Tuesday, February 28, 2012

Technological Developments from the Iron Age to 21st Century



From the Iron Age to the 21st Century, there had been a lot of inventions and technological developments that had been discovered that further lead to present-time science and technology developments. These developments that were invented before are still used today to better improve our society.

The following are the summary of the inventions from Iron Age to the 21st century.







Science and Technology in the middle Ages




Technological Developments during the Industrial Revolution


Scientific Revolution



Stone Age Inventions



1.      Fire
In his fight for survival, Neanderthal man had fire, which he used for light, heat, and to harden the tips of his spears.
    2.   Hand axes, scrapers, knives, awls and spear points
A souvenir sheet from Gabon, Scott 685, shows some of the standard tools, made from stone and flint, which would have been used by Neanderthal man and his Upper Paleolithic successors. A variety of hand axes, scrapers, knives, awls and spear points were in use. The hand axe, which could be held in the palm of the hand, was Neanderthal man’s Swiss army knife. He used it for cutting, scraping, butchering, prying up roots, and cleaning animal skins. Excavations at Neanderthal sites like Le Moustier in France have shown that tools were produced in specific areas, which may have been Stone Age manufacturing complexes.

    3.      Hunting
Once thought to be a scavenger incapable of hunting, Neanderthal man was, in fact, a superb hunter. Some of the animals he hunted—aurochs, cave bears, wild boars, and mammoths—were ferocious, dangerous and unpredictable.

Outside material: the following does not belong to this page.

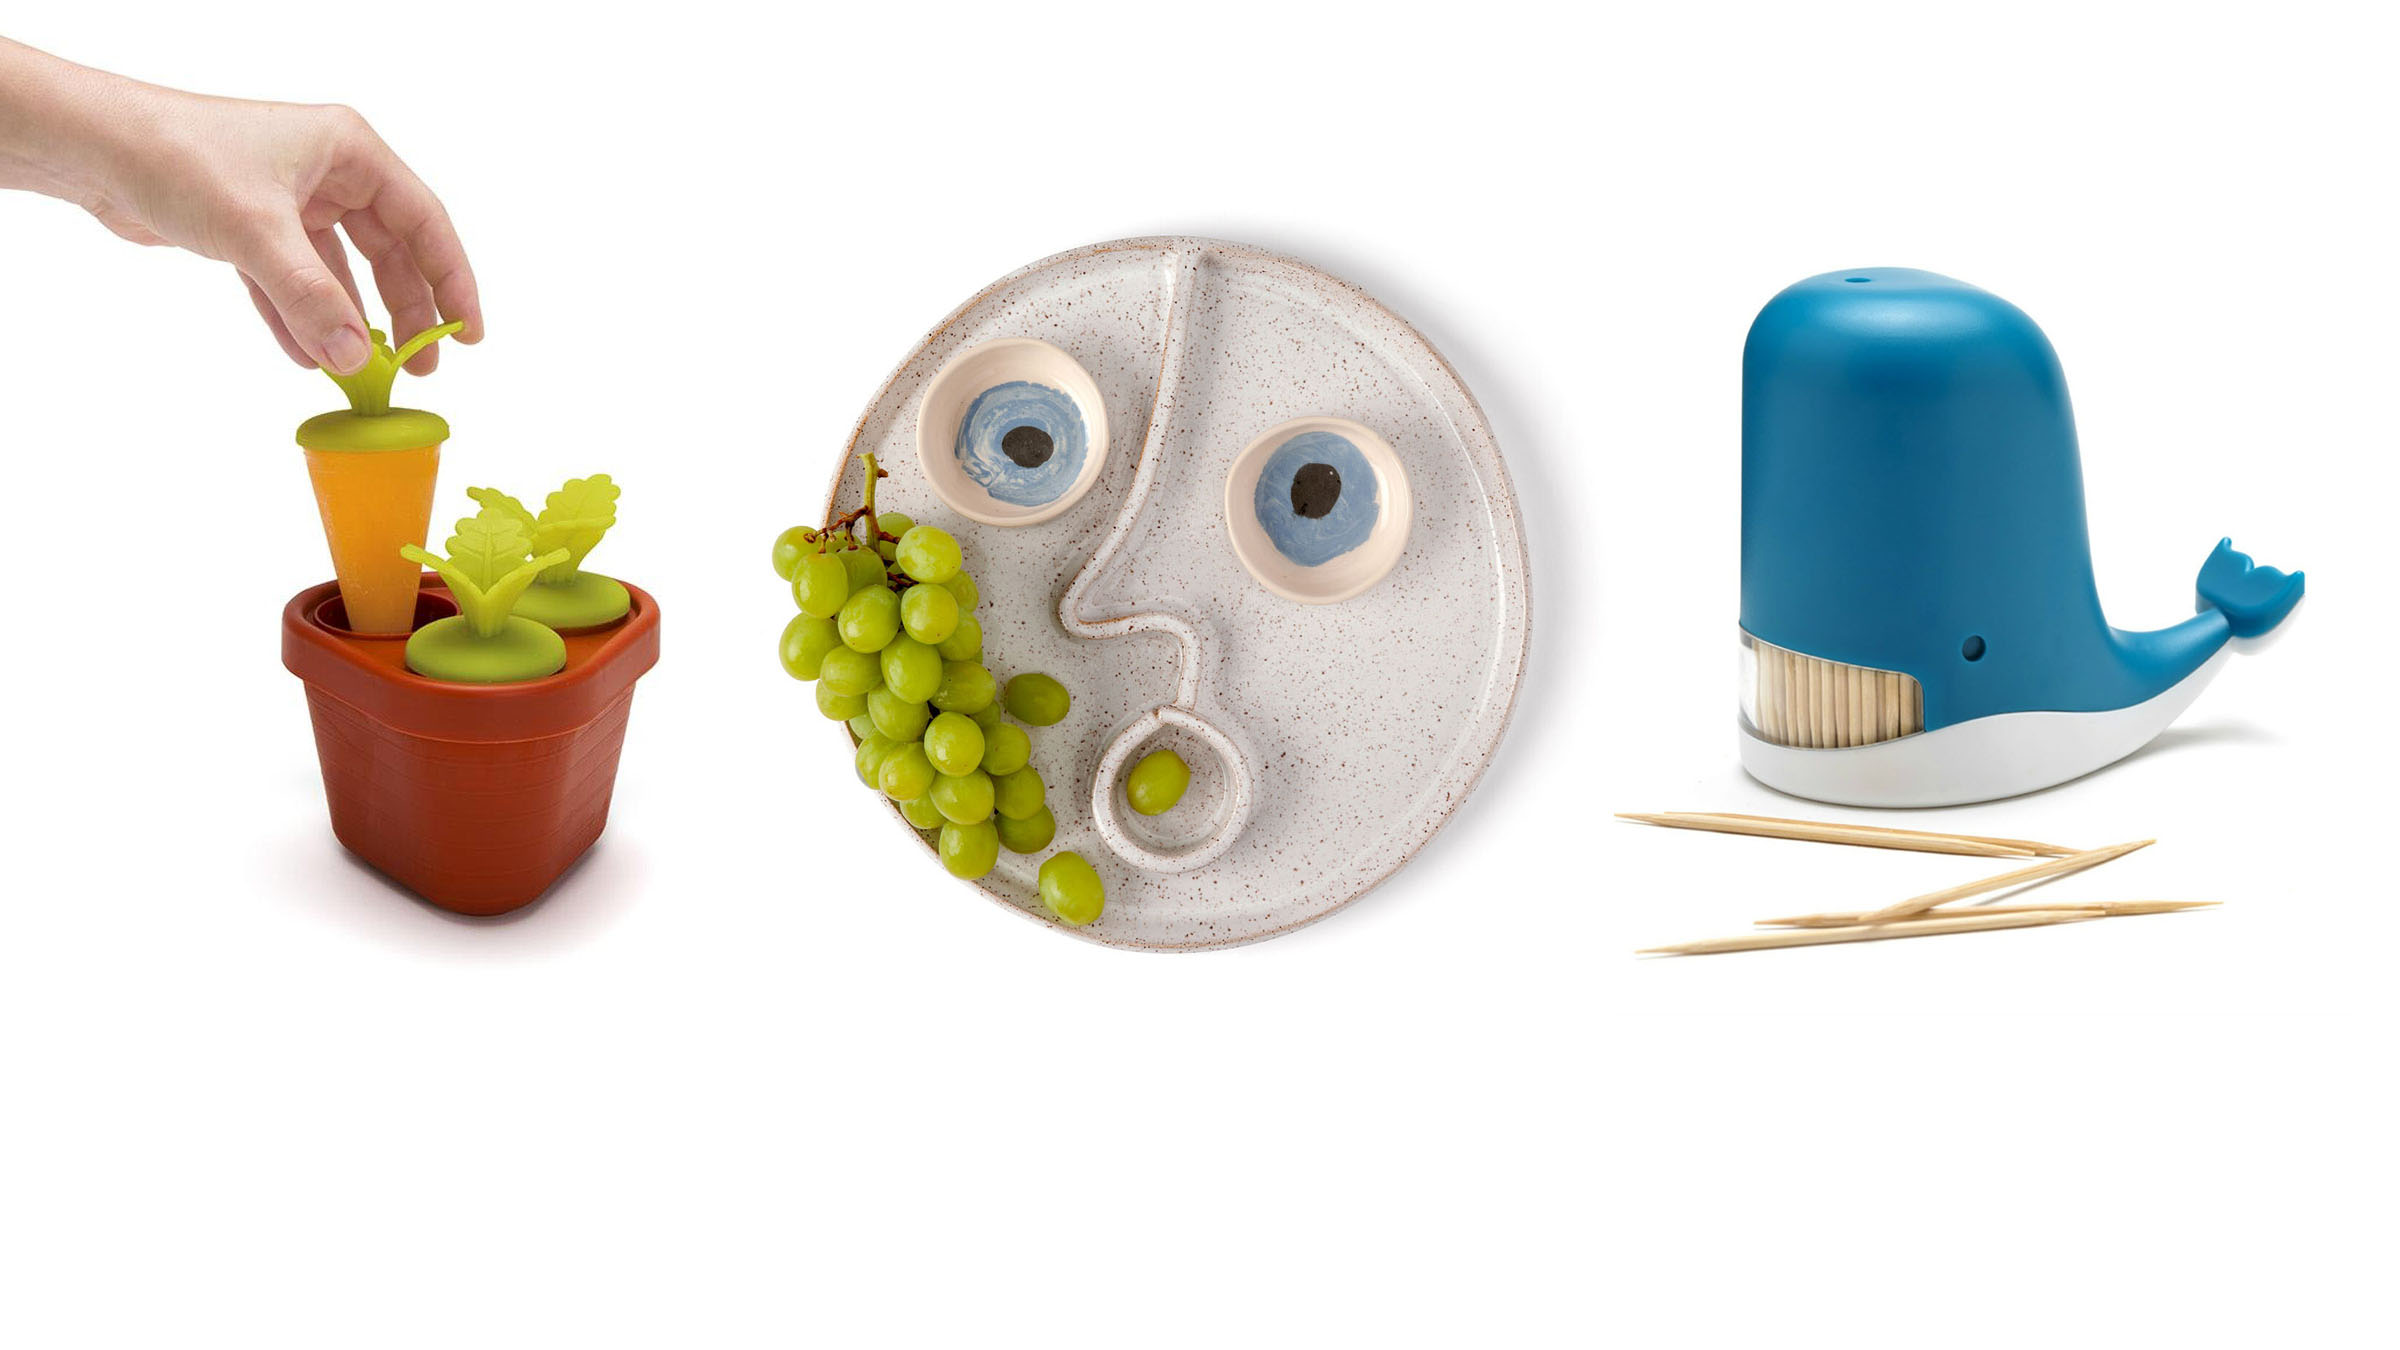 Quirky Cooking: 15 Kitchen Accessories That Are Just Plain Fun, funny  kitchen utensils
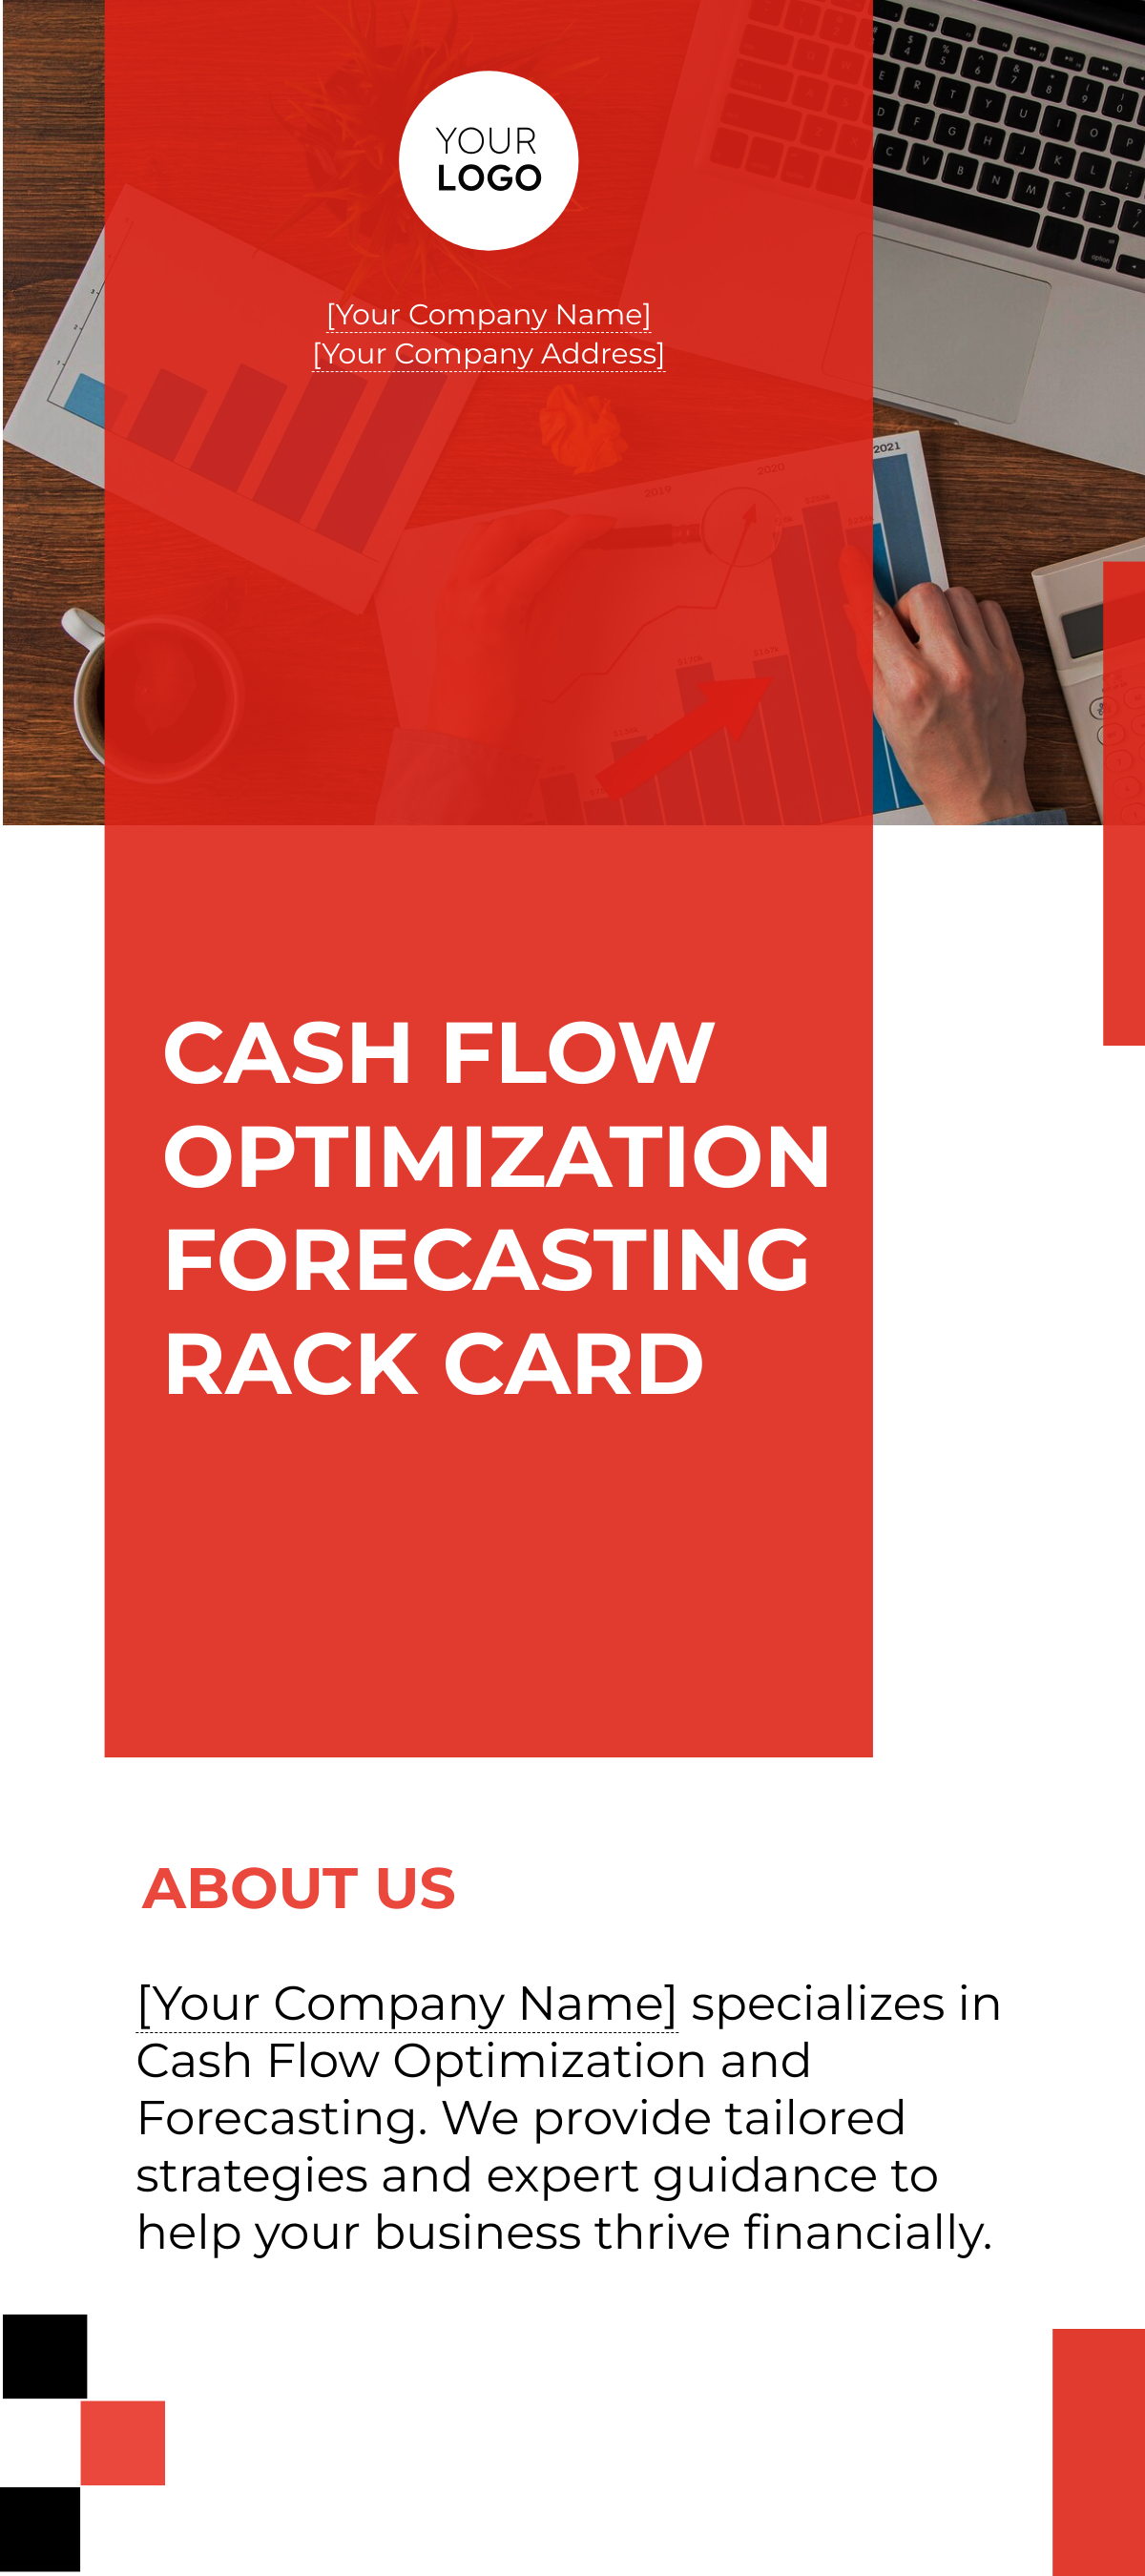 Cash Flow Optimization and Forecasting Rack Card Template

4.      Rudimentary language. The hunter subjected himself to the possibility of being mauled, mangled or killed each time he confronted his quarry. For that reason, Neanderthals hunted in groups, which afforded them greater protection. Hunters had to agree upon a plan of attack, cooperate in killing the trapped animal and, afterward, devise a means to get the carcass home. That presupposed a rudimentary language.

5.      Clothing
The skins, pelts, tusks, and antlers of dead animals were used for other needs of the clan. A North Korean first day cover shows a prehistoric woman making an item of fur clothing from an animal pelt. It took great skill to render skins supple enough to be worn as clothing.

6.      Burial
Neanderthals were the first to bury their dead. The use of red ochre played a prominent role in their burials. Bones found at many Neanderthal burial sites were stained with the red pigment. It is unknown whether the ocher furnished evidence of some sort of body painting or whether a red wrap originally covered the body but disintegrated with time, leaving its color on the bones.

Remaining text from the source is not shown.